Yes, I knew it wasn’t very good, but I hadn’t had an awfully long time to work on it!
Maybe I could fix it later, if and when I came back from Mordor….
When I’d finished I made a little bow, and the crowd cheered, although not too loudly. Gandalf was just standing there still as stone. Then Bergil handed Merry the hat, still wrapped, and I took it as Mikala stepped forward to place some white flowers in Gandalf’s hands. The crowd hushed and the musicians started playing softly once more as I stepped forward and slowly unveiled the hat.

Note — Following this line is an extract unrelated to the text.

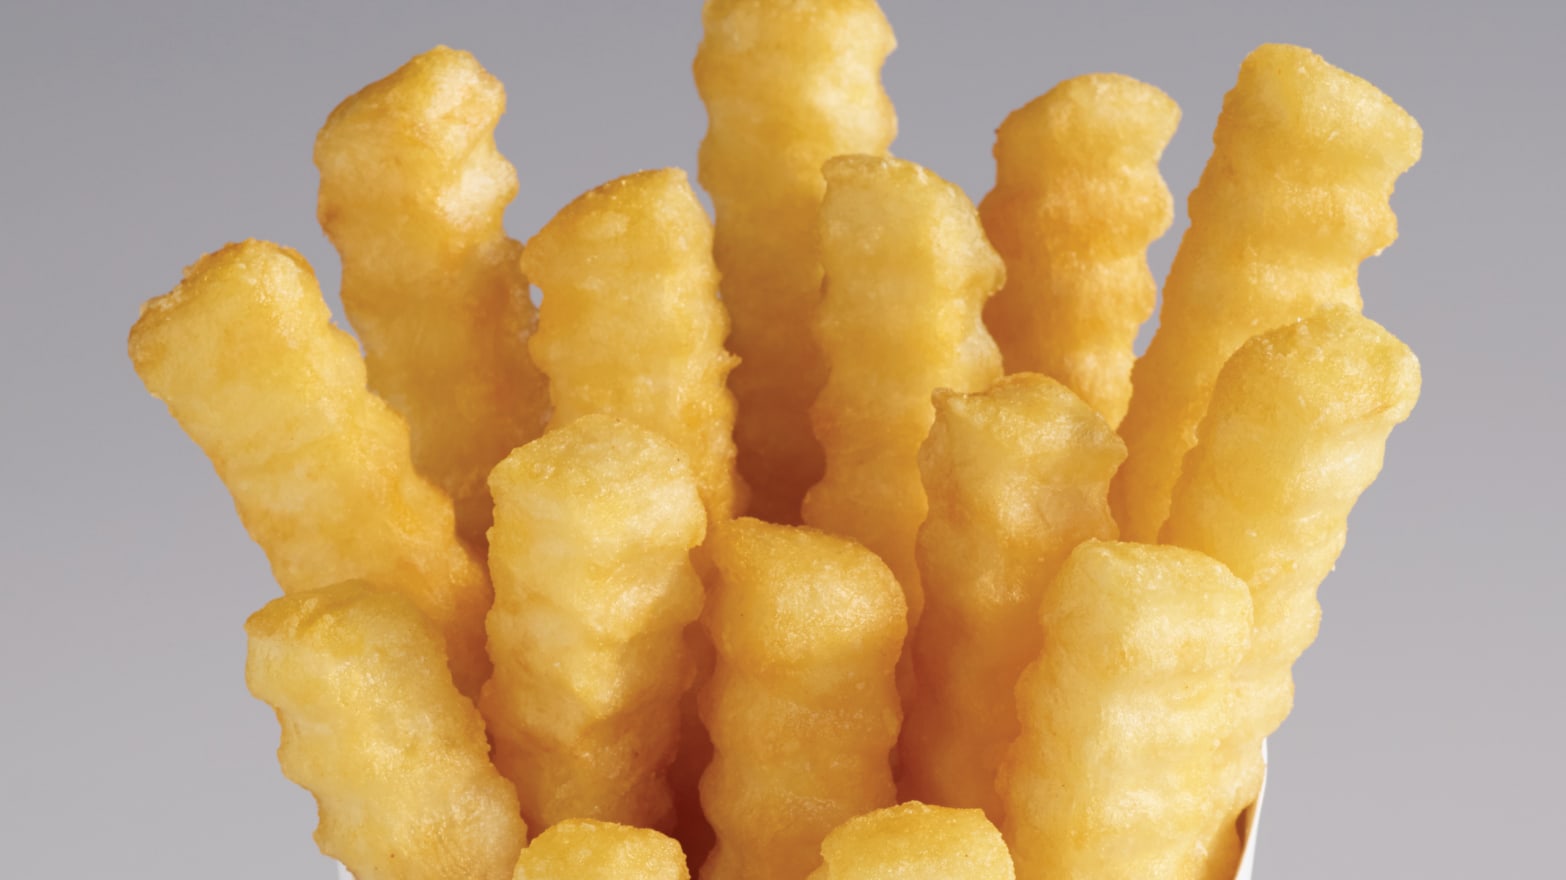 The Best Fast-Food Fries: How Burger King's Satisfries Compare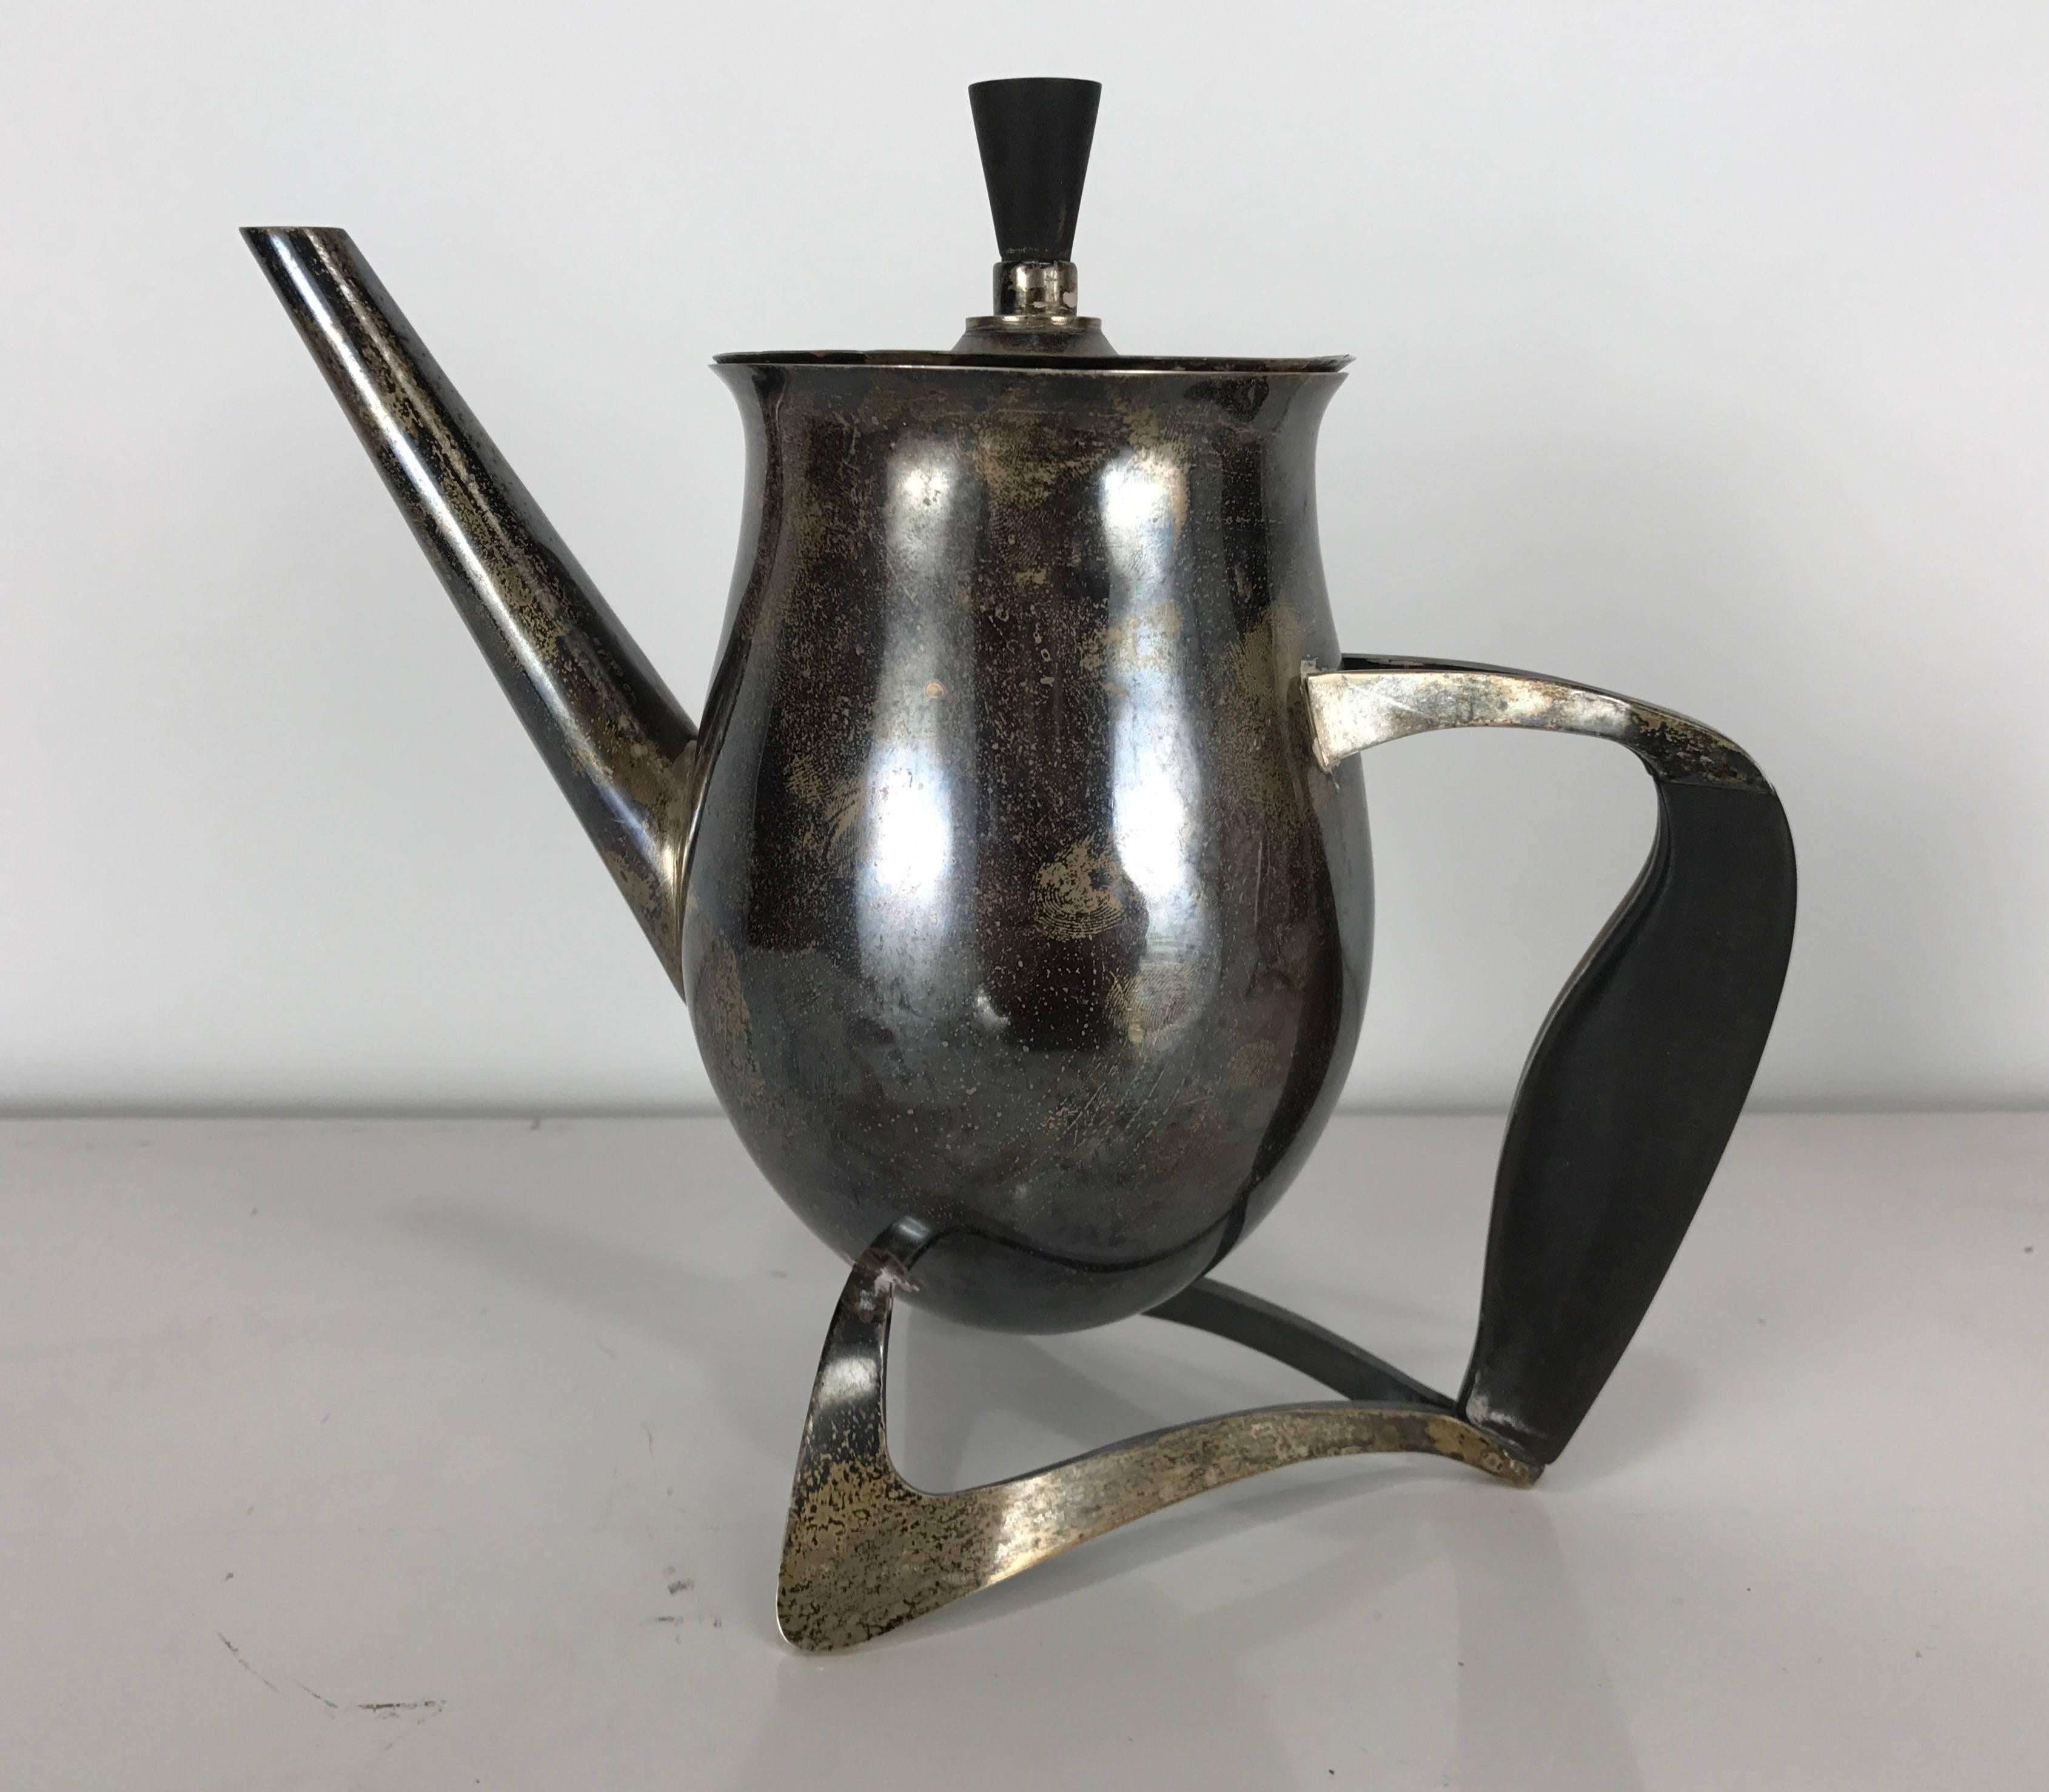 Stunning pure silver coffee and tea set with original renderings (drawings),, Hand executed by Paul Tarantino believed to be designed for Georg Jensen, (never produced), Exaggerated Art Deco, Nouveau design, Set is in as found condition, has not

For a moment I was horribly afraid he would think we were having a huge joke on him. He just stood there staring as I presented the hat with another, lower bow. Aragorn had to hold Mikala’s flowers so Gandalf could take the hat with both hands, and it might have been my imagination but I was sure I could see his fingers shaking a little. I’d almost forgotten how splendid the hat was, myself. It was even bigger than the old one, and the feather just rode it like…like a cloud on a snowy mountain.
And his face was like the sun rising above a field of lilies as he lifted the hat and put it on his head, and when he turned around to face the crowd, their cheers rang out so loudly that no one noticed the thunderclap that the sky let out, as though it were jealous of all the goings-on in the White City that day.
We could have used him for a lighthouse.